---------- Supplied material

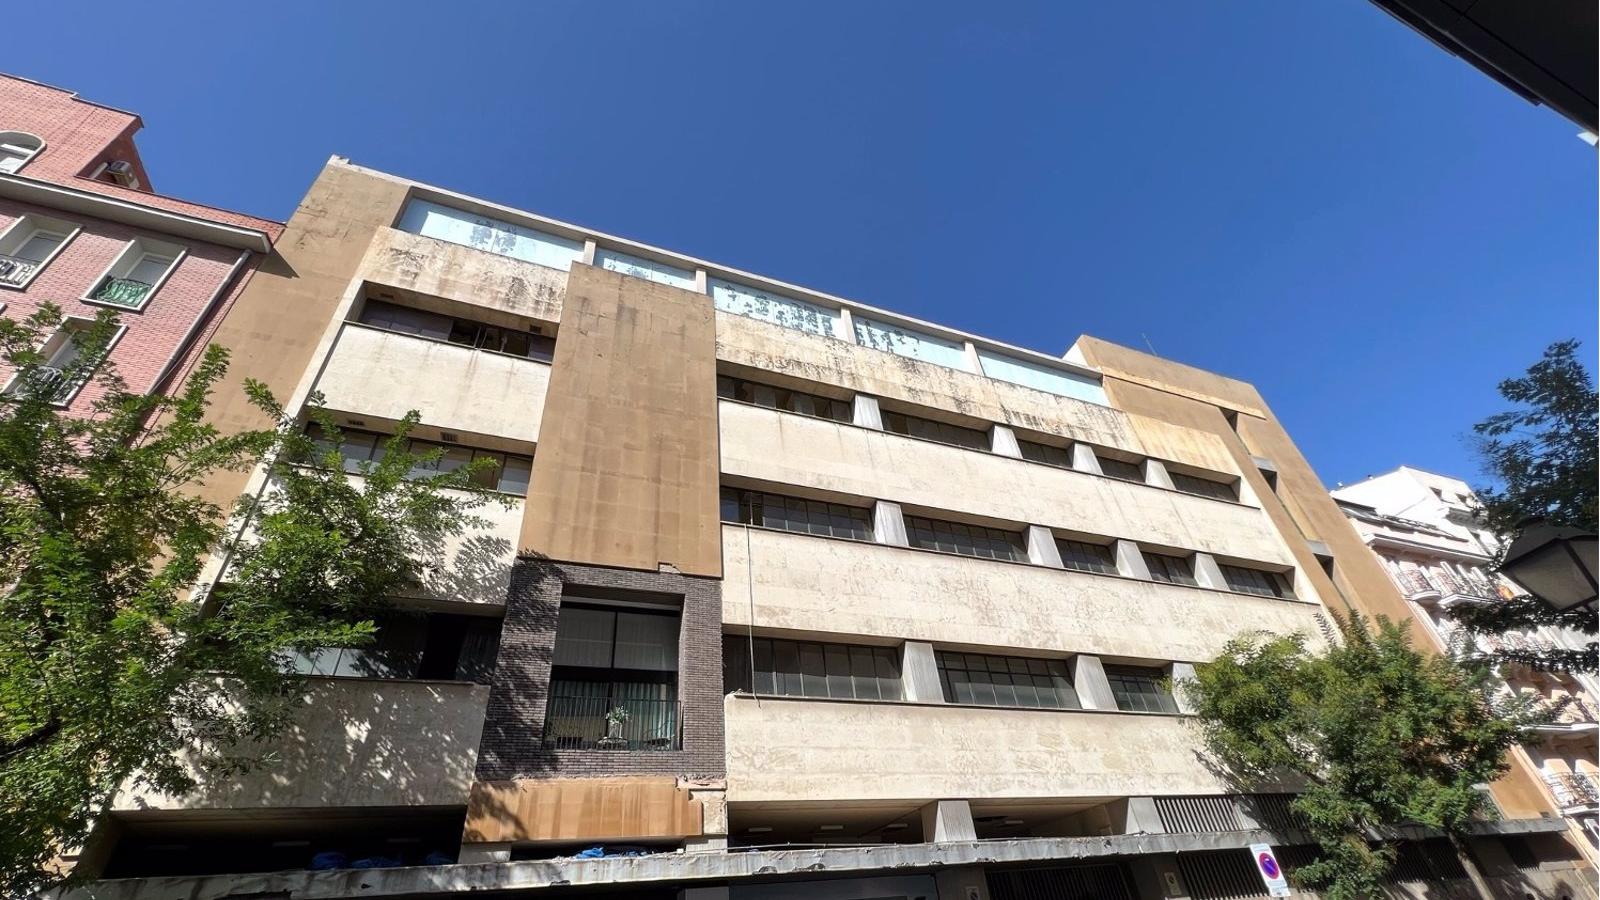 La socimi All Iron compra un edificio en el barrio Salamanca de Madrid por 33 millones para hacer apartamentos
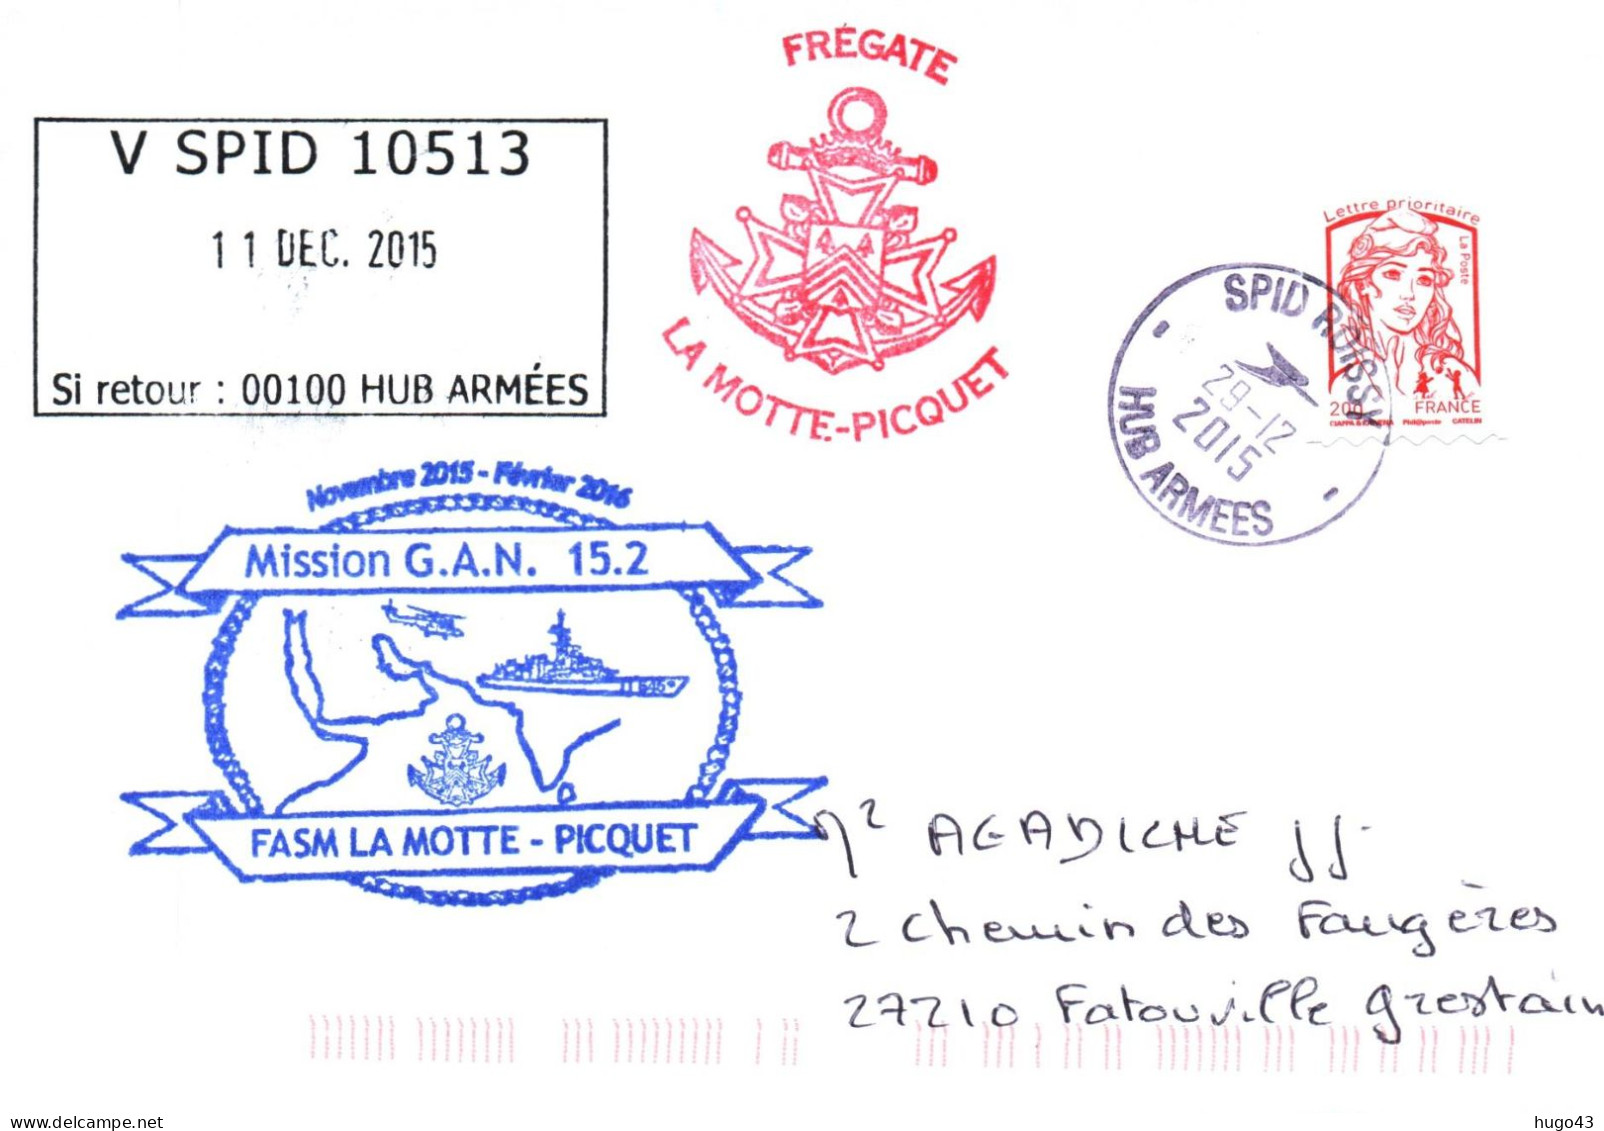 ENVELOPPE AVEC CACHET FREGATE LA MOTTE PICQUET - MISSION G.A.N. 15.2 - SPID ROISSY LE 29 DECEMBRE 2015 - Poste Navale
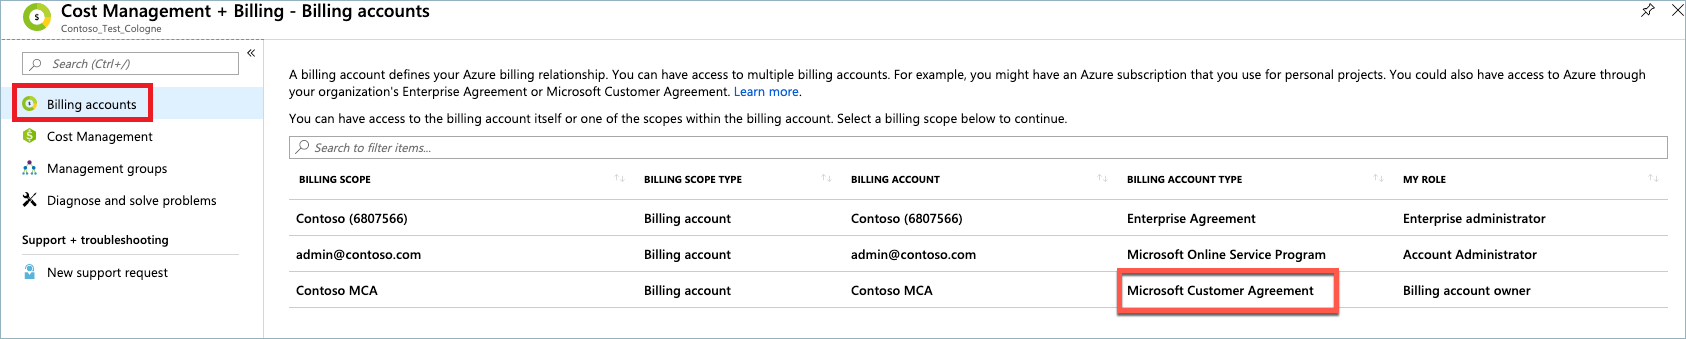 청구 계정 페이지의 Microsoft 고객 계약 유형을 보여 주는 스크린샷.
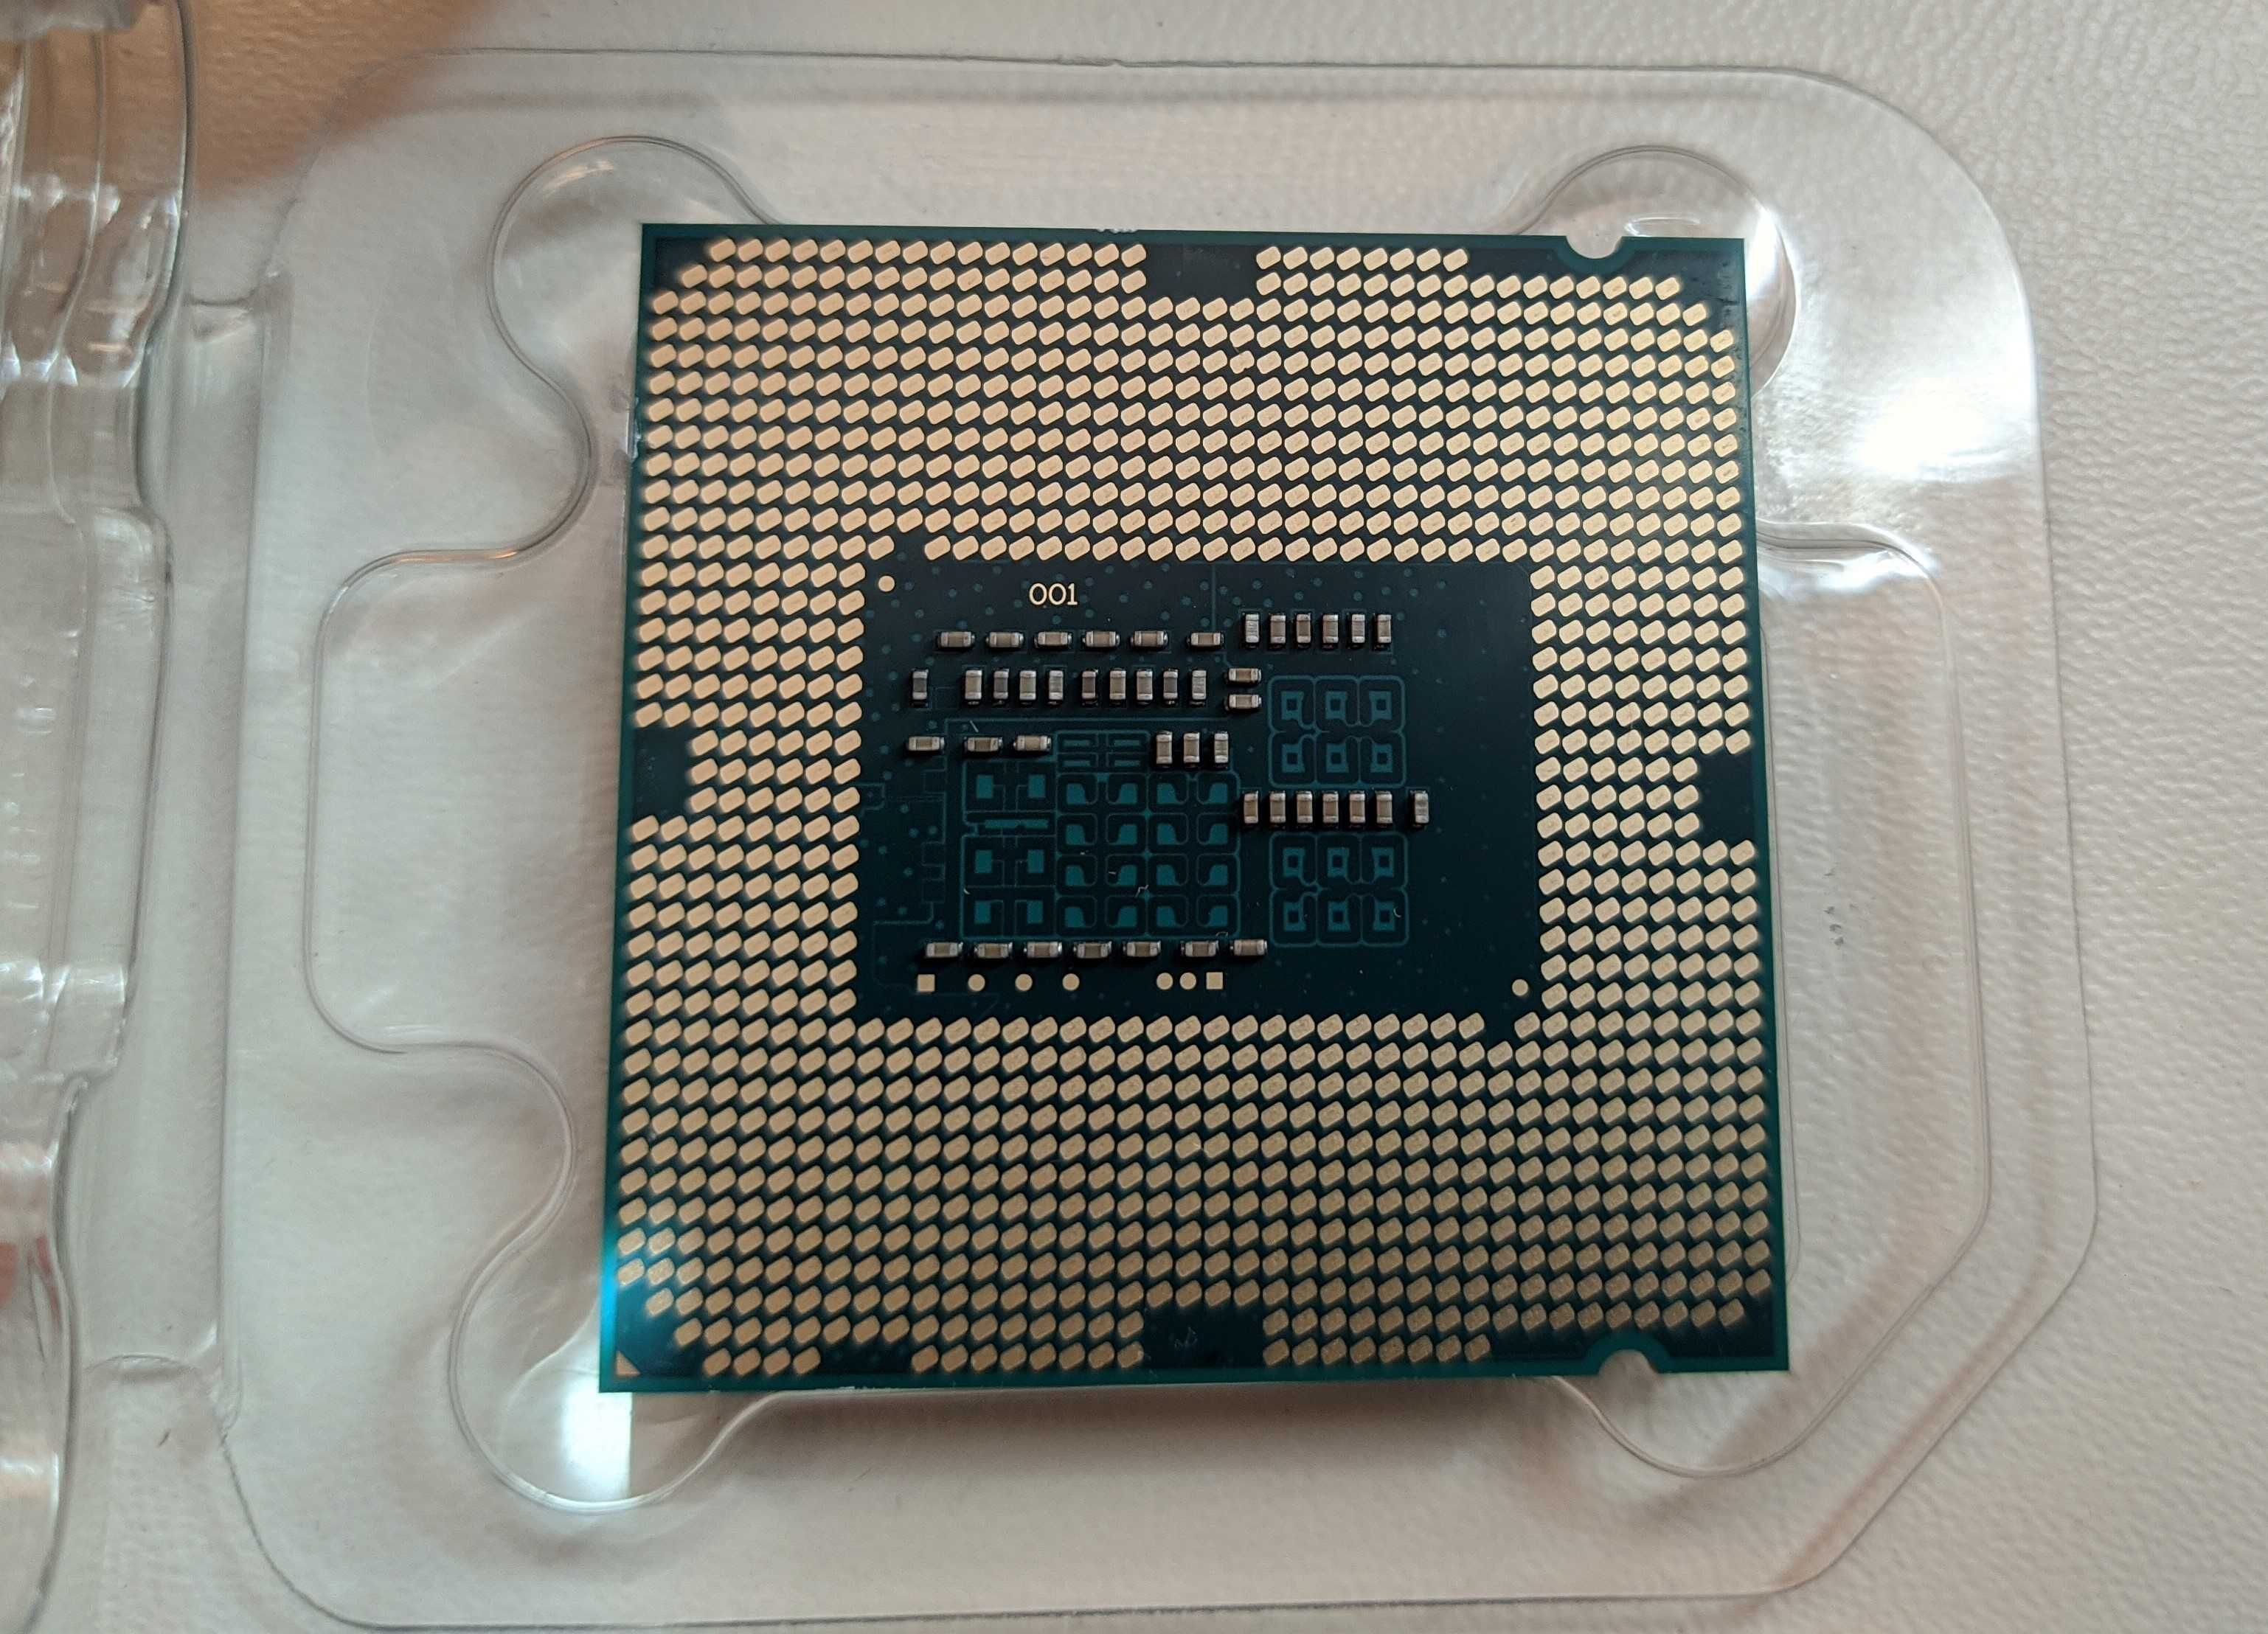 Процессор 1150 сокет Intel i3 4330 3.50GHz встроенная HD 4600

--------------------

● Activity:
What you return should be the exact lines from the one containing "ENVELOPPE AVEC CACHET" through the end of the listing above, both included, minus any pictures.

● Result:
 ENVELOPPE AVEC CACHET FREGATE LA MOTTE PICQUET - MISSION G.A.N. 15.2 - SPID ROISSY LE 29 DECEMBRE 2015 - Poste Navale
 청구 계정 페이지의 Microsoft 고객 계약 유형을 보여 주는 스크린샷.
 Процессор 1150 сокет Intel i3 4330 3.50GHz встроенная HD 4600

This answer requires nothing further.